Gail Pool’s Faint Praise: The Plight of Book Reviewing in America discusses the problems inherent in book reviewing, the perceived solutions to them, the problems with her perceived solutions, and why none of this might matter if newspapers book reviews continue to diminish. Although the subtitle of her book defines it as “in America,” I suspect many of the issues about evaluating worthiness are universal. Some of her comments are specific to the American market for book reviews, and the use of the word “plight” probably comes from her implicit realization that only a small number of paid critics will work in the future. A much larger number of people like me will occupy the rest of the universe with our fractured, para- and unprofessional opinions that may or may not be worth much. Newspapers are likely to continue cutting independent reviews, which in turn reduces the number of opinions one is exposed to and the philosophies underlying why the reviewer judges a book the way he or she does.

Pool links the market pressure to the big problem with book reviewing, which remains and is perhaps exacerbated by current trends. The big problem is that “[…] assessing critical judgments inevitably comes down to taste.” You can make your argument more forcefully or less forcefully, but you can’t eliminate taste or come to a perfect solution about what makes art. I’ve been wrestling with that issue in posts concerning Elmore Leonard and B.R. Myers’ response to Leonard, and many others see it too. Taste is worth having even if it can’t be defined, and you at least need some sense of it to say anything useful about art. You also need space in which to say it, and that brings Pool’s book back to the problem of having fewer quality outlets and too few words to express a big idea.

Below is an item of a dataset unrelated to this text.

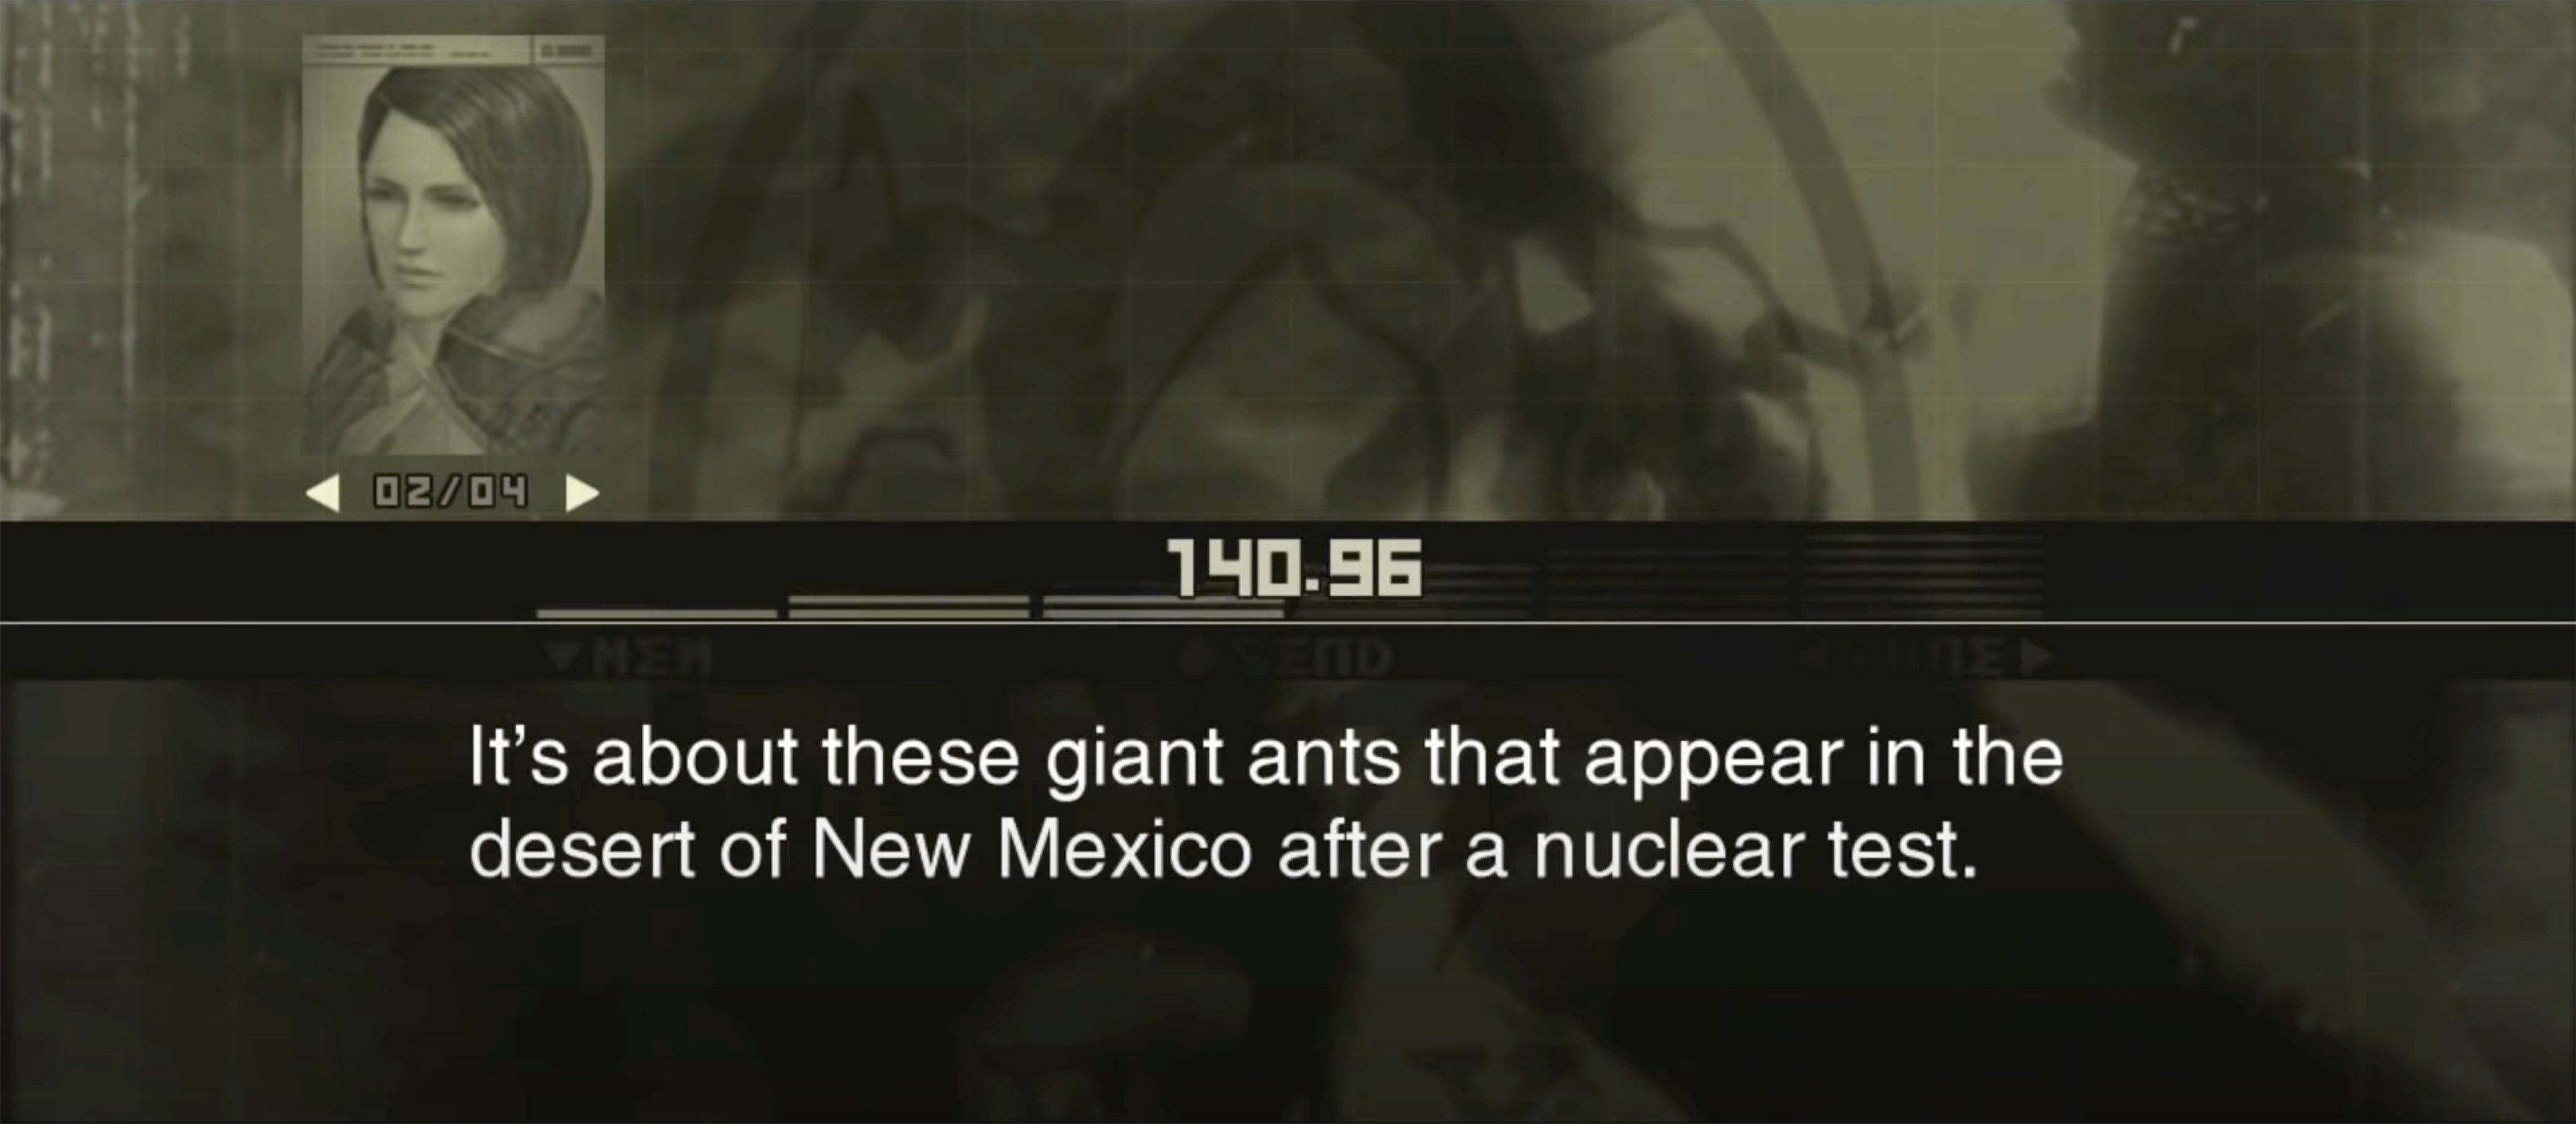 تماس با کدک با شخصیت پارامدیک در بازی Metal Gear Solid 3: Snake Eater

Books about books give writers nearly infinite space to write, so Faint Praise isn’t hampered by that problem with reviews or reviews about reviews. Instead, she’s facing the problem of too many people having already dealt with the things Faint Praise discusses. You don’t need the book—Book Daddy’s discussion is adequate to understand its main points, especially since some of the comments also contribute useful ideas (oh, and read this for some juicy quotes about critics). Other writers, like Tyler Cowen, also made me think about the problem in this post. In addition to Book|Daddy, Marginal Revolution, and Critical Mass, The Elegant Variation also sometimes covers arts. I probably would’ve been much more interested in Faint Praise if its subjects hadn’t already been hashed and rehashed in so many forums. I feel déjà vu: the arguments are going in circles, the problems about what should be criticized and when and how are unsolvable, although one can be cognizant of them and thus try to write more successful. Steve Wasserman addressed current problems in the Columbia Journalism Review, and a recent symposium on book pricing dealt with similar issues. Orwell on reviewing is an older and condensed version of what Pool says. Writers keep asking about what the Internet is doing to publishing and literature, and although I won’t try to predict to the future, I do know one consequence: it has made Faint Praise superfluous because if you read all the links I posted above you’ve already learned as much if not more than you would from the book. The questions about how should one judge a work and how does one find the merit of the work remain. There is no standard and cannot be, efforts at standardization often being worse than the problem they seek to solve. So we are left with the struggle and the frequent failure of book reviews, which, like the novels they comment on, fail more often than not. Let us try to, as Zadie Smith said, fail better. I wish Pool had more and more insight on how fail better and fewer dour if correct predictions about the future of book reviewing.